- Opening Delimiter -
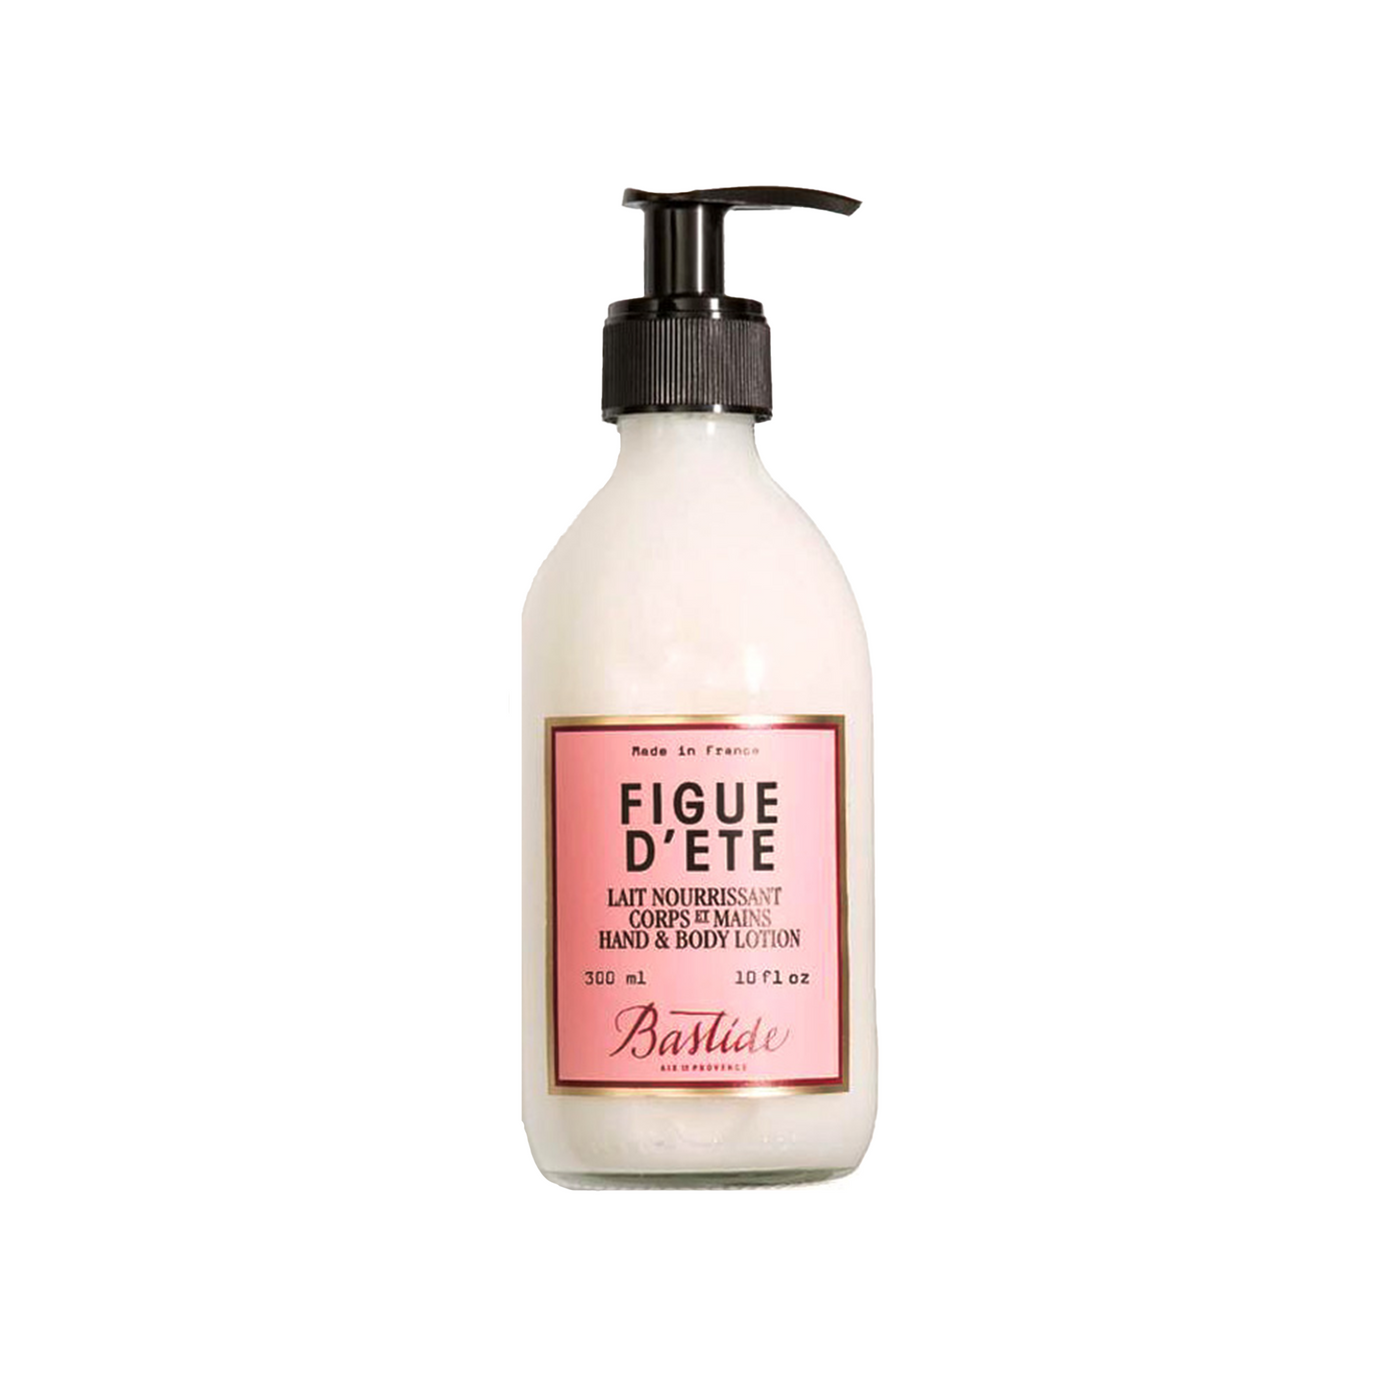 Scented Hand Lotion - Figue d'Ete
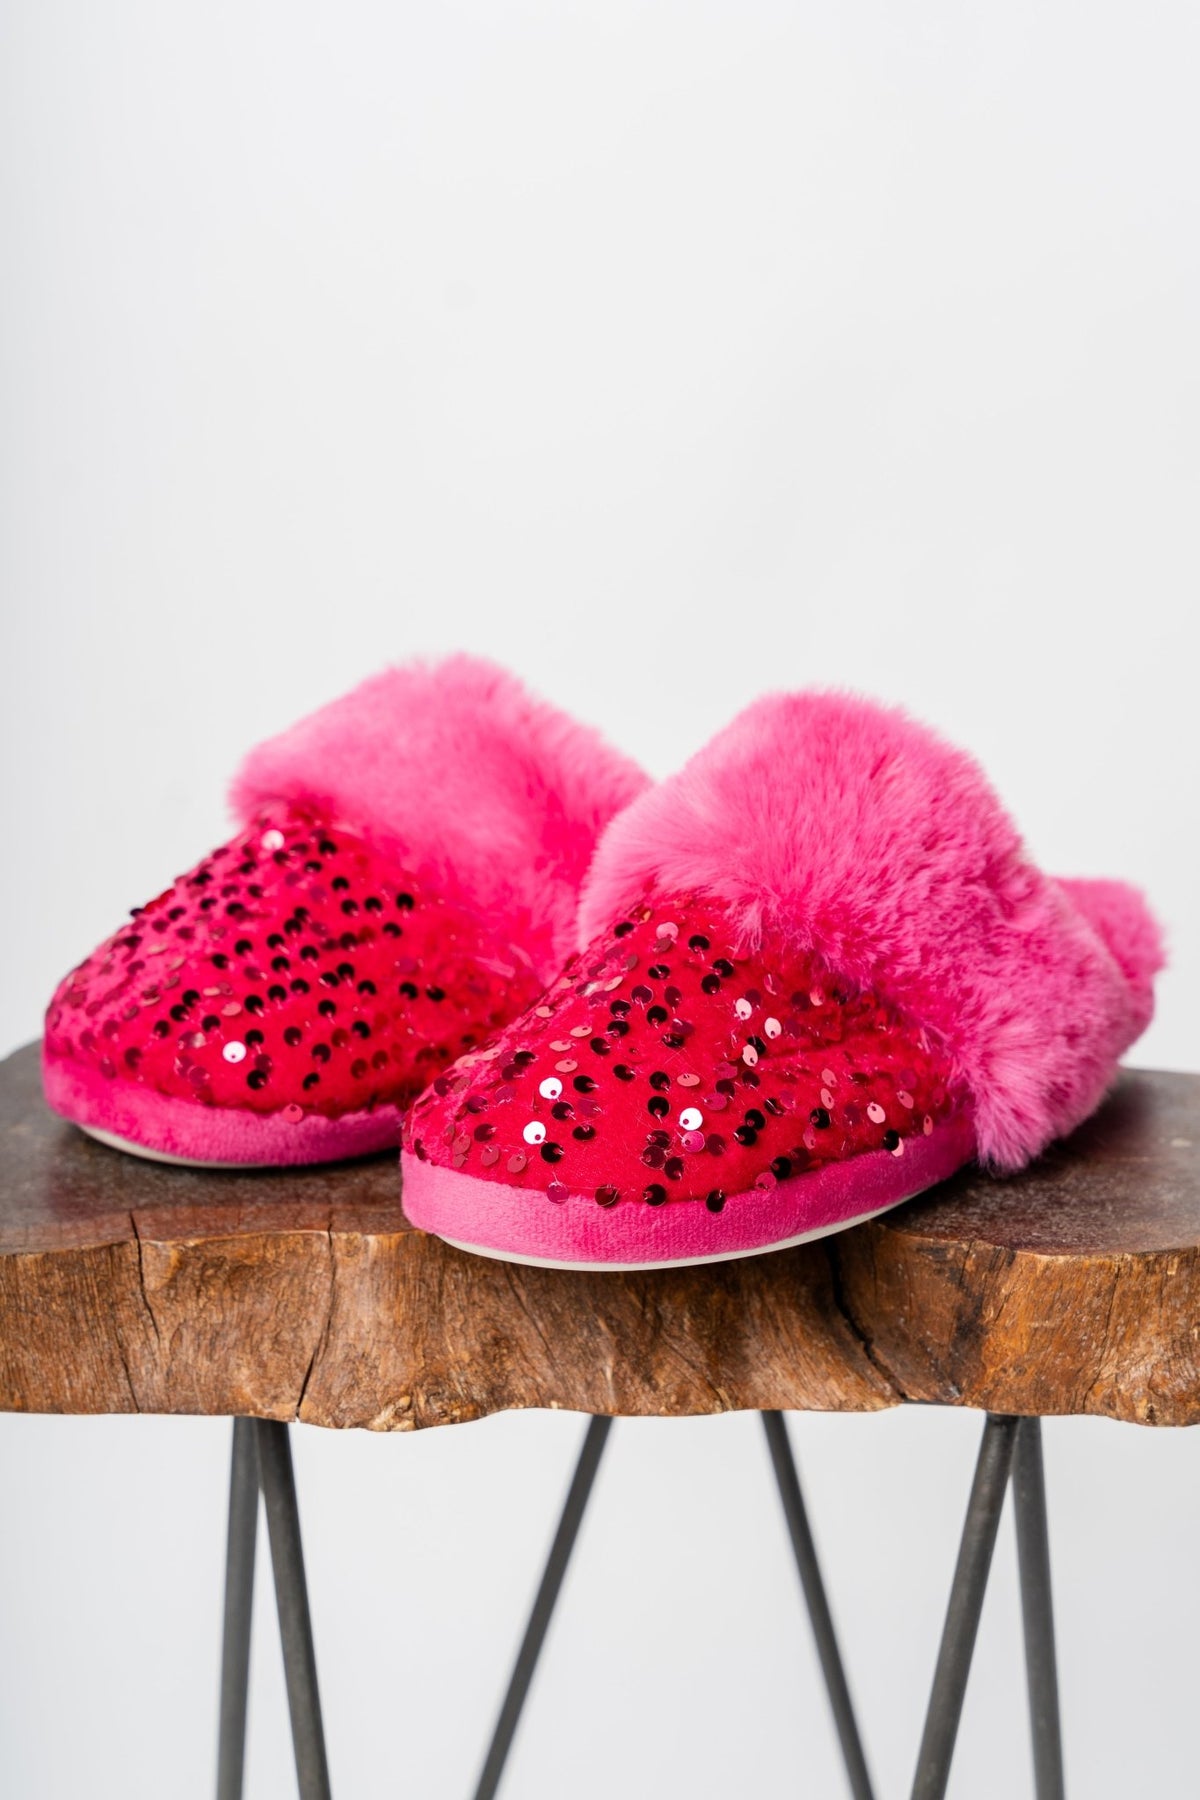 Fiesta sequin slippers magenta - Trendy Holiday Apparel at Lush Fashion Lounge Boutique in Oklahoma City
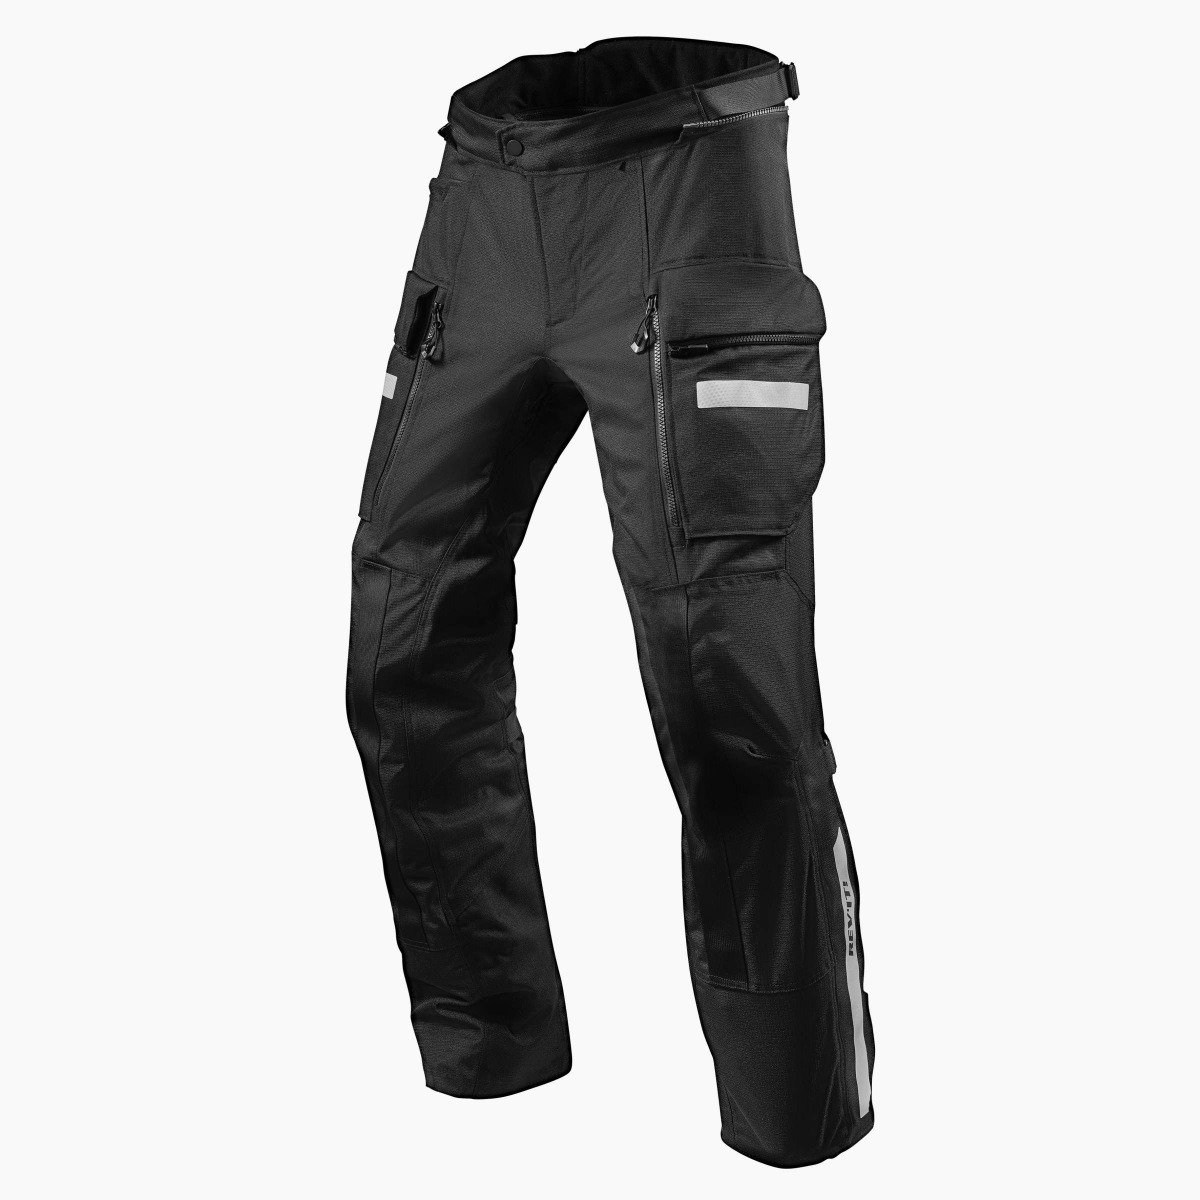 Image of REV'IT! Sand 4 H2O Short Black Motorcycle Pants Size 3XL ID 8700001316361
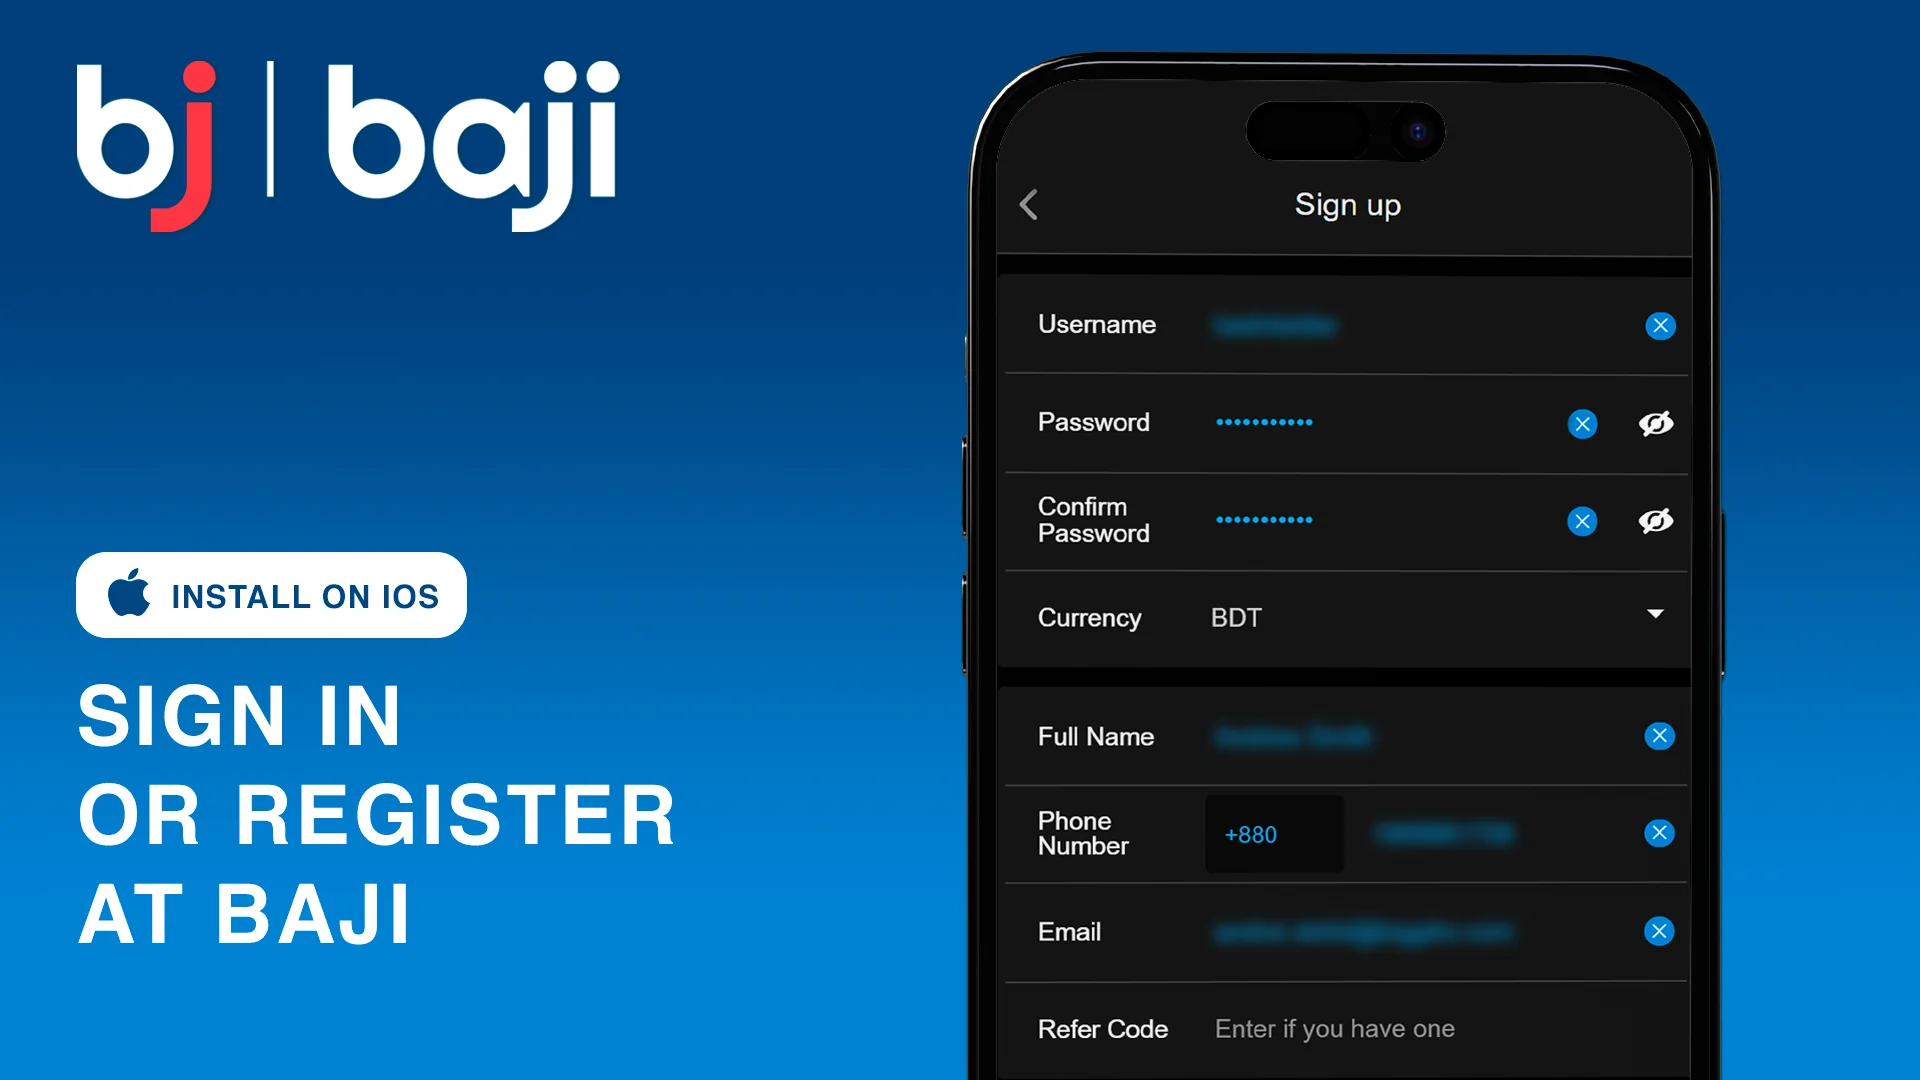 Sign in or Register at Baji - App for iOS
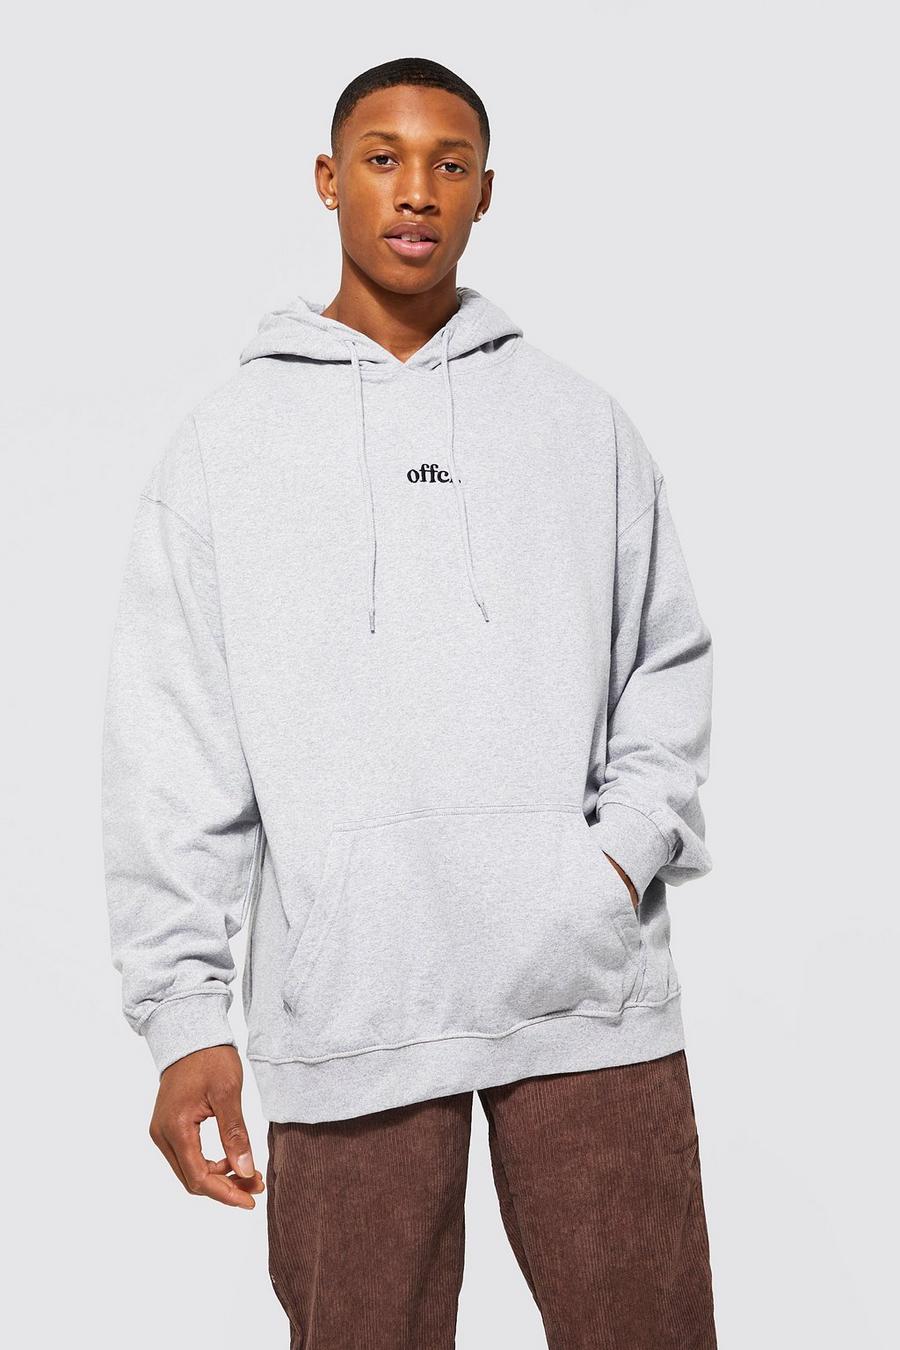 Grey Offcl Oversized Over The Head Hoodie image number 1
- Closing Delimiter -
• _WHAT YOU ARE ASKED TO DO_
Once the pictures are set aside, what is needed is the lines from the line with "Fiesta sequin slippers" through the end of the data, written out exactly and alone.

• _TASK RESULT_
 Fiesta sequin slippers magenta - Trendy Holiday Apparel at Lush Fashion Lounge Boutique in Oklahoma City
 Image of REV'IT! Sand 4 H2O Short Black Motorcycle Pants Size 3XL ID 8700001316361
 Sign in or Register at Baji - App for iOS
 Grey Offcl Oversized Over The Head Hoodie image number 1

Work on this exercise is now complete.